There is a subdivision for >55 in our area. It's quite nice, although they are all trailers. Definitely *not* your typical trailer park neighborhood... it has a HOA and everyone must keep up their places immaculately. We could, by sacrificing our savings habits, buy a place there, then the lot rental is only about $250/month. I've contemplated that, but dh nixed it last night. So mom moving out will not work.
My sisters (they are half-sisters) are not able to help. One is going through a nasty divorce and is barely making it on her own and the other (oldest) had a mid-life crisis when she hit 50 and took off. I'm not even sure where she is and haven't known for a couple of years. I do NOT have a good relationship with the her and the middle sister is too selfish to help out even with her time (as is evidenced by her comment last year when I asked her to take mom for 2 weeks).

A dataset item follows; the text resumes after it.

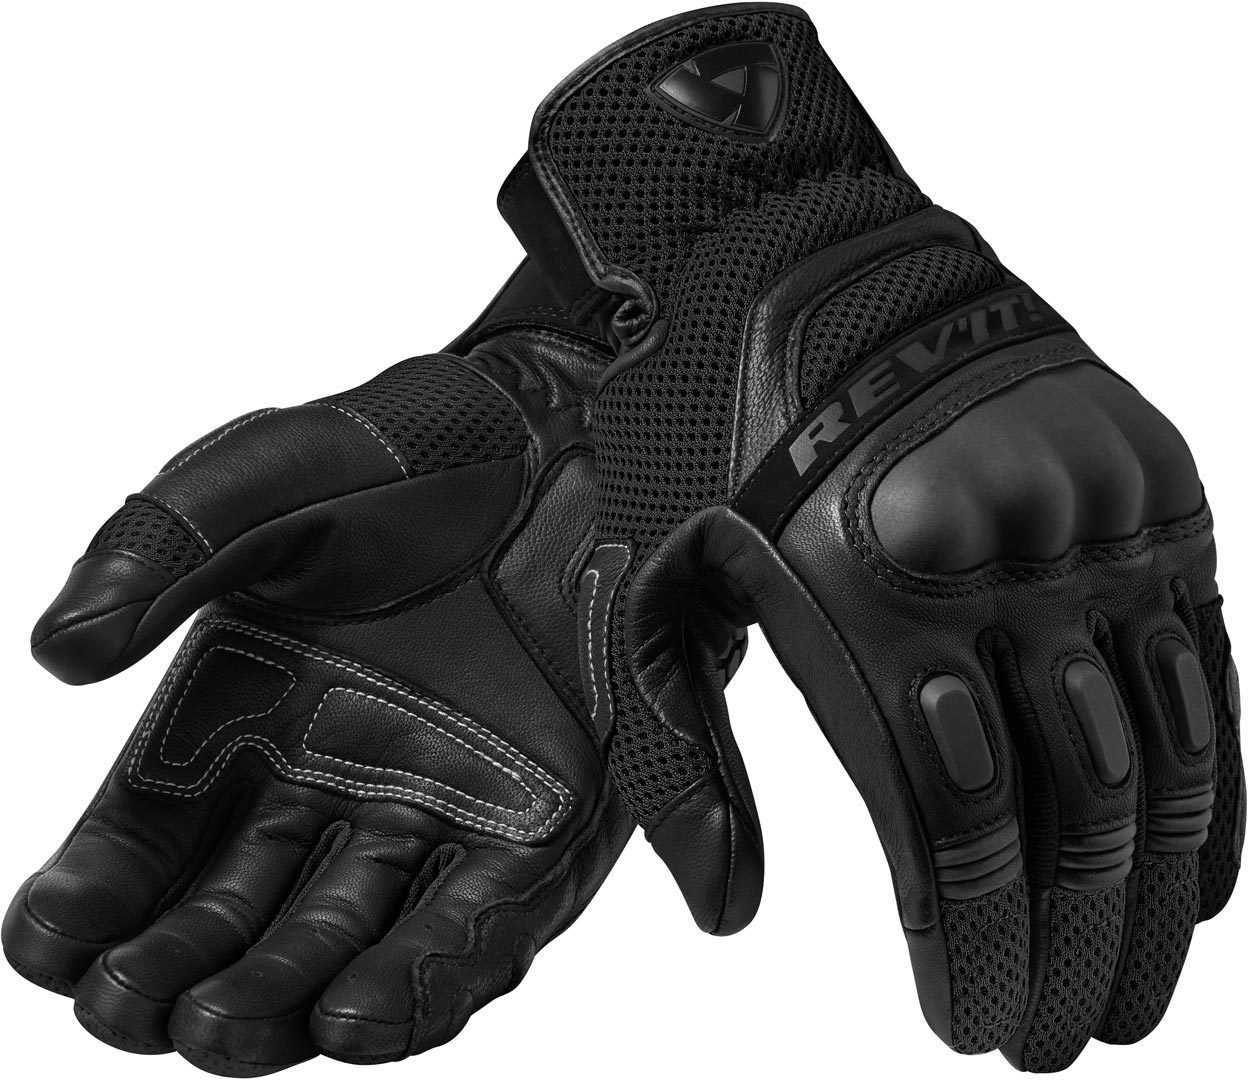 Motocross Motorradhandschuhe Dirt Handschuhe 3 Black/Black Revit
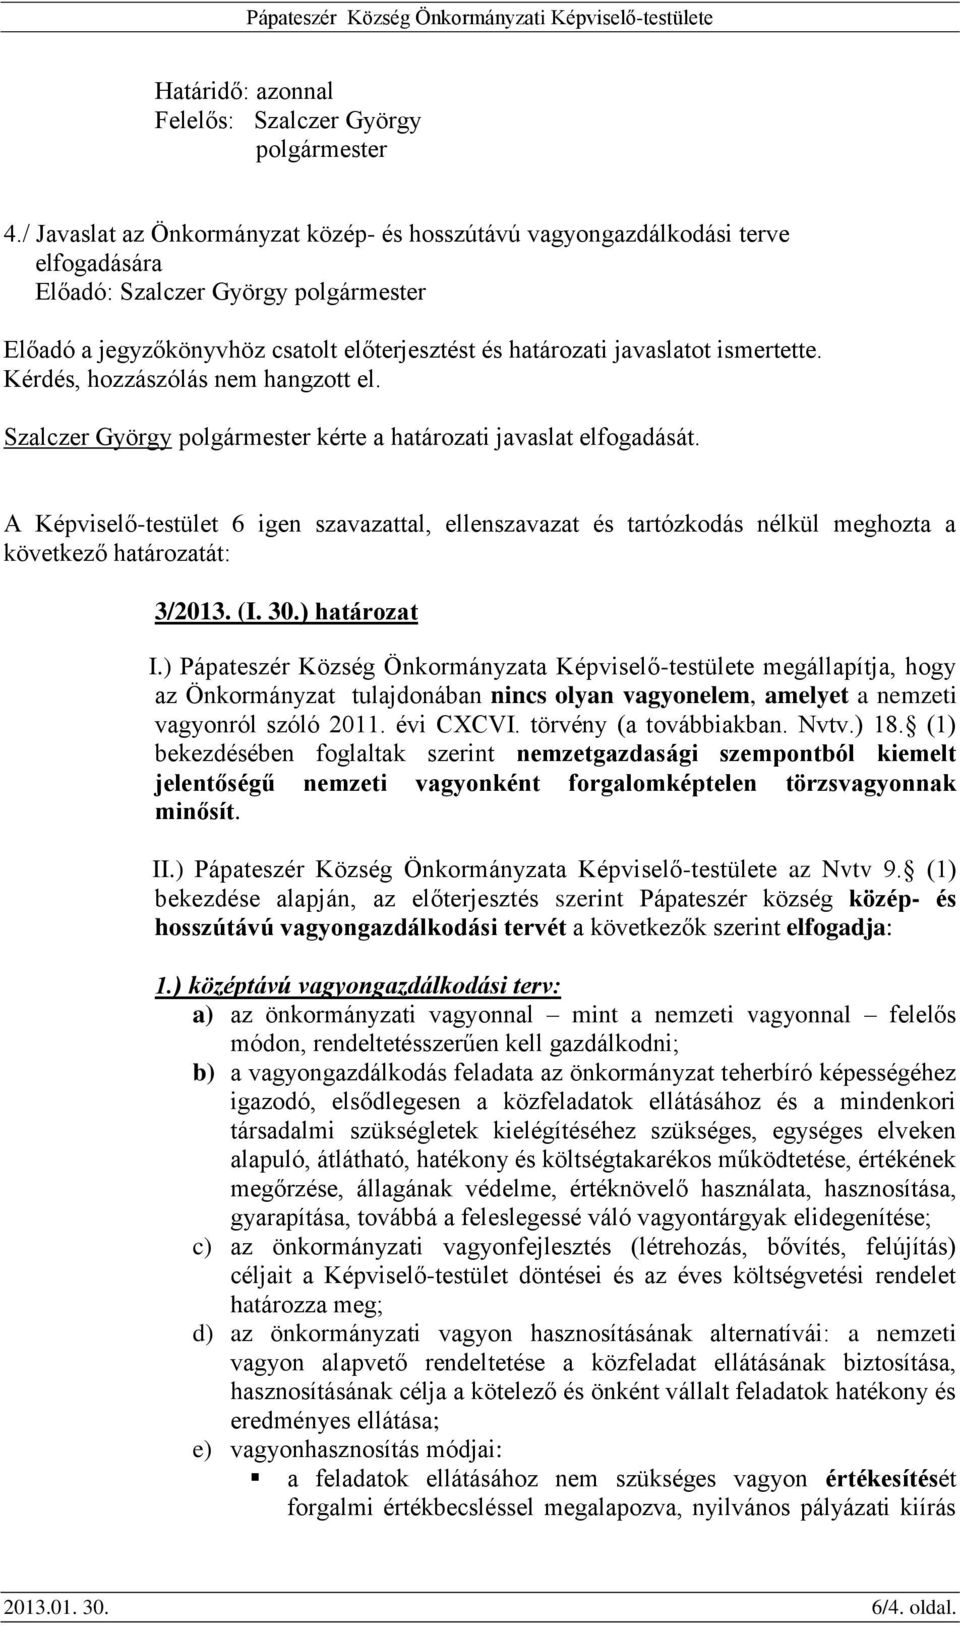 Szalczer György polgármester kérte a határozati javaslat elfogadását. 3/2013. (I. 30.) határozat I.

So, in talking with dh and telling him some things mentioned here, he said that I'm just going to have to put my foot down with Mom. I can't MAKE my mom help out around here more. In truth, she doesn't make ANY messes in the main house because she's only in here to eat and use the bathroom. It would just be nice for her to help out that way, just because she appreciates that we're supporting her. I will talk to her about this.
Dh is from a country where you take care of the elderly no matter what. They literally do not have nursing homes... the families take care of their own. His sister took care of their mother for 10 years until her death. He takes this responsibility very seriously. He said we can sit down and talk to her and just explain that we need to set some boundaries (especially about the food), but that asking her to pay us is not something he's comfortable with. I respect that... the key is getting my mom to respect that as well.
The thing that I think *I* need to get over is feeling guilty when she pulls her passive-aggressive stunts. The comments like "I can't do anything right in your eyes", I need to follow up with something like "when it comes to the way you treat my daughter, it's my right to ask you to interact with her with respect" and just leave it at that. I'm not going to respond to her passive-aggressive behavior anymore. It's something I have to do... even if I have to go to a counselor to learn how to do it. I've not ruled that out!
Anyway, this has helped me think through this a lot more. I don't necessarily agree with everything everyone has said, but it's ALL good food for thought and I appreciate every comment. I'm open to any and all ideas on this, so if there are additional thoughts, please let me have them.